Tackling conflict. According to Steven Pinker (everyone owes it to themselves to watch his 18-min TED talk titled: The Myth of Violence), violence has declined since the Industrial Revolution. In fact, the 20th century was the most peaceful century in existence, even accounting for WW1 and WW2. War is becoming less and less common the more the information about the conflict travels. We need only look at Vietnam here. The first war to bring the reality of death and destruction back to the general population. Needless to say, it was the most unpopular war in history, and look at the conflicts since then, unwaveringly smaller, and more sensitive to collateral damage. (I am not saying it has been roses and happiness since then, but there is a clear downgrade in the severity of conflicts in regions of the world where communication and information are abundant.)
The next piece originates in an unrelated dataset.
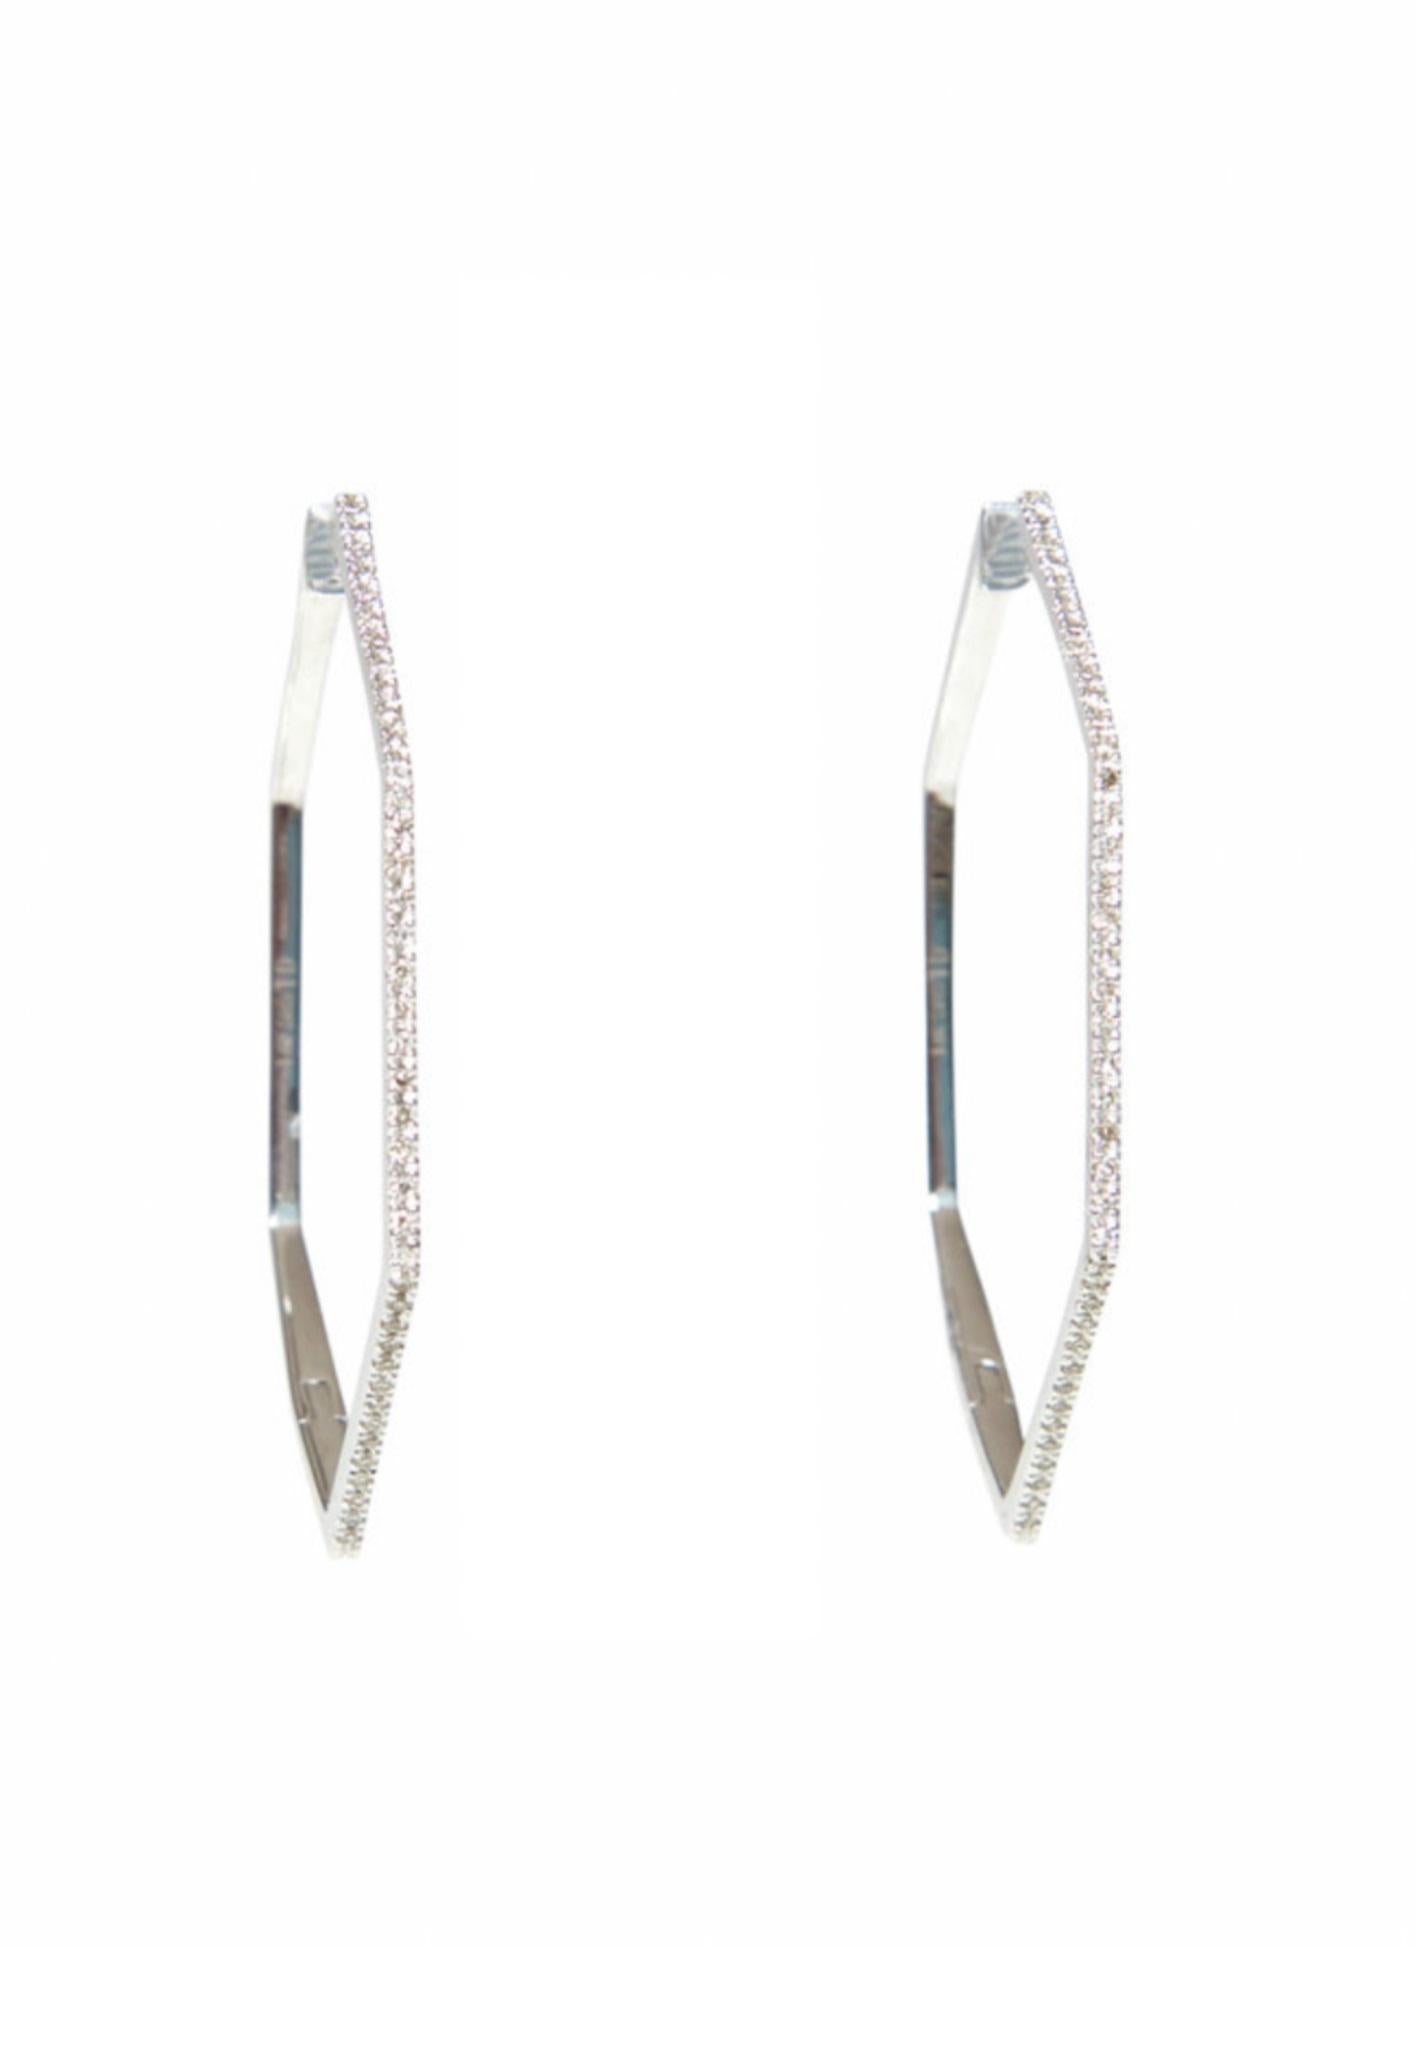 Angular top diamond earrings in 14k white gold. 
39mm high

Death is the big one and will undoubtedly remain the biggest motivator, but we must realize that even if no progress is made, progress against religion can be made. Just look at the Scandinavian countries, Australia, several other European nations, China, and Japan which are majority (or close to) agnostic/atheist. But be that as it may, progress towards the dissolution of death is well underway, and even starting to appear in the mainstream press. But for now, we must take it as an assumption that death will be forever removed as the inevitable curse it is. The other examples I have shown are in progress, so is death, but until global death rates hit zero (natural deaths, that is), the jury will be out.

You also mention political and economic inequality. I could write thousands of words on this, but to try to keep it brief. Technology is changing the human landscape and bringing people out of poverty. The book Abundance is a great read to really understand the dynamics. (And Rational Optimist so I’m told, though I haven’t read it yet but I will soon.) But, in the last century: per-capita average income has tripled (adjusted for inflation), food has come down in cost a factor of 10, shelter a factor of 20, transportation a factor of 100, and communication a 1000-fold. And in the last forty years, global poverty has halved while the population has doubled. So we are earning three times more, spending less on the necessities and learning/enjoying more than ever. These trends are actually accelerating (The Law of Accelerating Returns). While we are not out of the woods yet, the trends are clearly in one direction, and short of some calamity, should continue.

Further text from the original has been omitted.